During my high school, college and even early post-collegiate years, I was an inconsistent runner. Anyone who knew me in the late 1990s and early 2000s knew I could put up a sub-16 5K or struggle to get home under 17 minutes in any given race. In any given 10K, I could go sub-33 or struggle to break 35 minutes.

Why? I was obviously capable of sub-16 and sub-33. It had nothing to do with my fitness or physical preparation. It had everything to do with what was going on above my shoulders.

At times, I’d enter a race with what I would now call a calm confidence. I’d be relaxed, knowing what I was capable of and knowing what I had to do in order to execute the good race.

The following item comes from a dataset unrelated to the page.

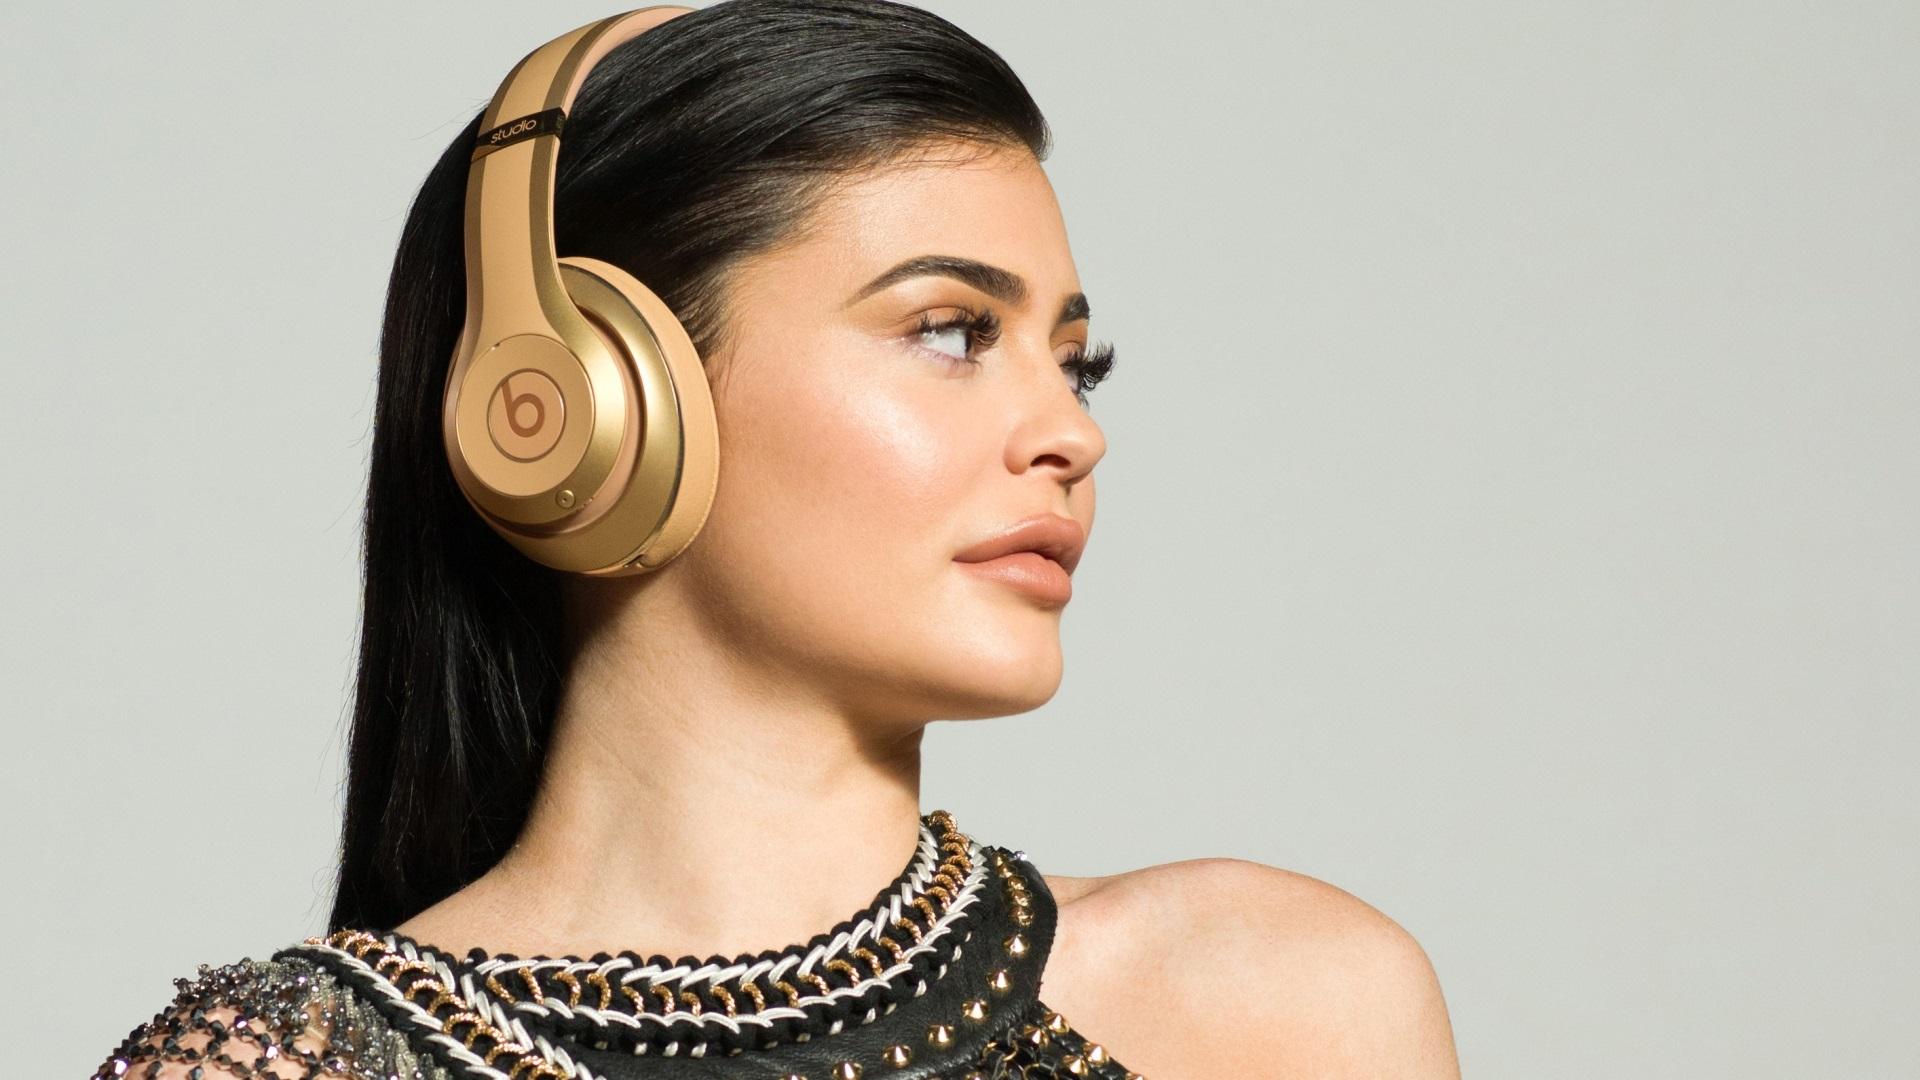 kylie jenner beats headphones wallpaper 63258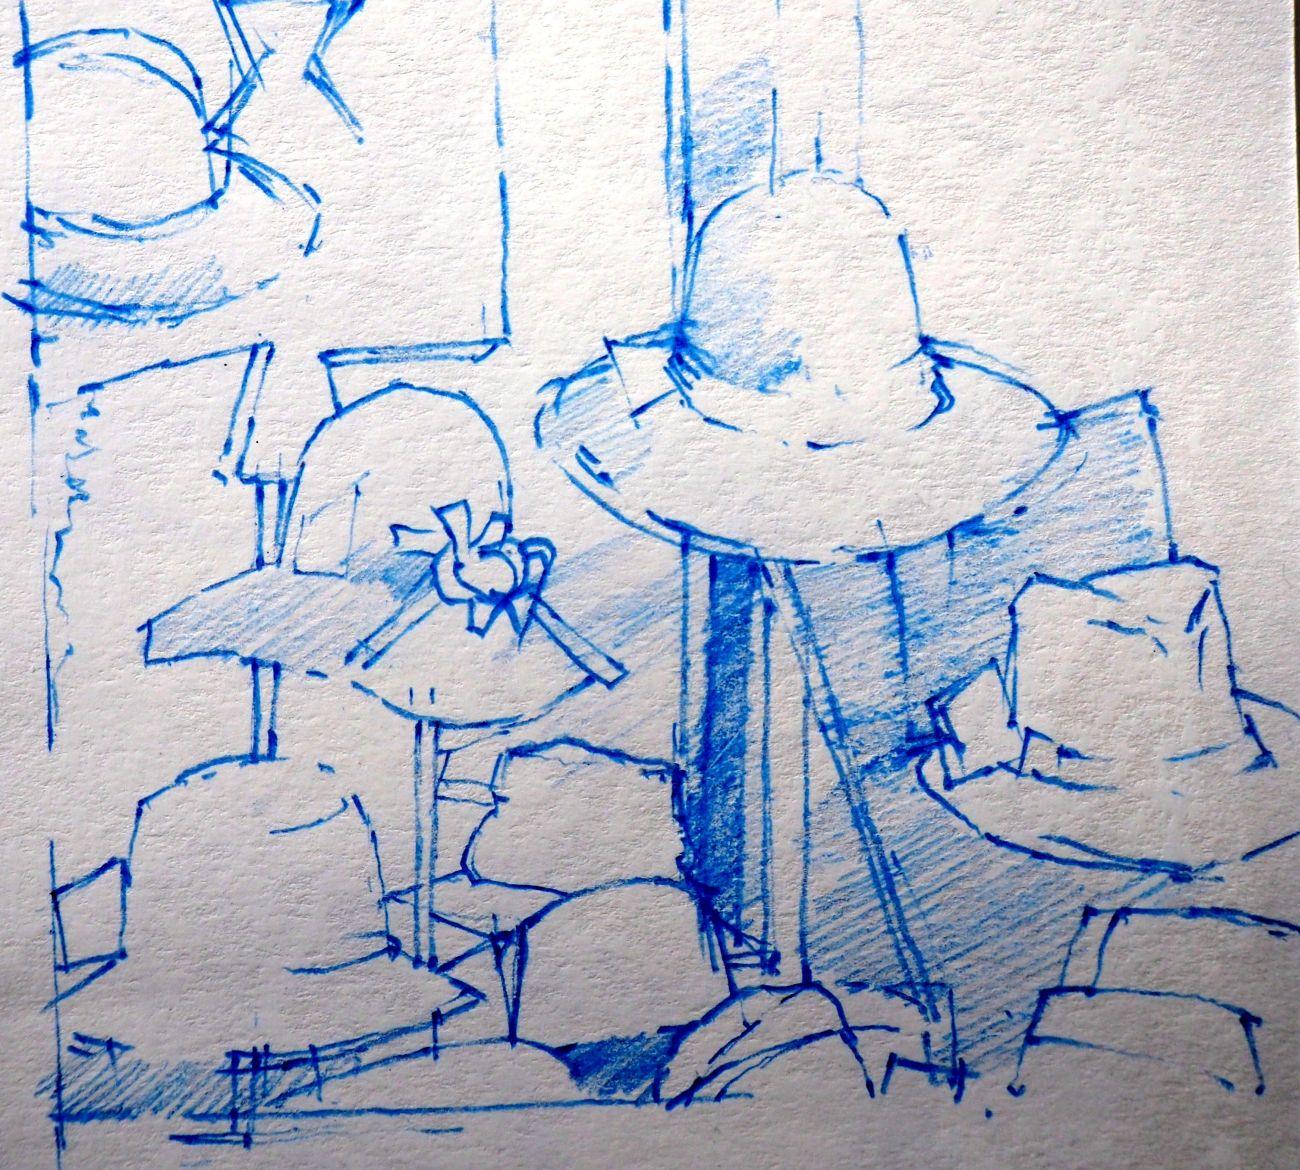 Grundlagen des Zeichnens, Zeichenkurs mit Anthony J. Smith

I’d feel the anticipation and excitement of race day but my mind was in a good place. My thoughts were positive, focused on executing the plan and knowing that the execution would lead to a good result.

Other times, for whatever reason, I’d enter a race a nervous wreck. I remember one race my sophomore year of college where I stopped during my warmup to retie my shoe. I put my foot up on a bleacher and I was so nervous I couldn’t even hold my foot still. I got myself too worked up about going after the result and I wasn’t centered and focused on executing the plan I knew I was capable of executing. I wasn’t thinking positively about how executing the plan would lead to a good result. I was thinking "I have to…" Those three words lead to bad thoughts, which lead to bad performances.

These days, I’m a different runner. Not every race is going to be a good race for anyone. No matter what, we all have bad days. However, I’ve stopped putting pressure on myself. I go in knowing that the best result will come from that calm confidence in going in with a plan that, once executed, will lead to the best possible result. I know what result I want but I also don’t put pressure on myself to hit that result. I know the best I can do is execute the race as close as possible to perfectly and see where that leads me.

So how did I get from where I was to where I am now and how can you follow the same path to more consistent results?

There are a few keys that I’ve learned along the way. Mostly alluded to above but I want to lay them out clearly.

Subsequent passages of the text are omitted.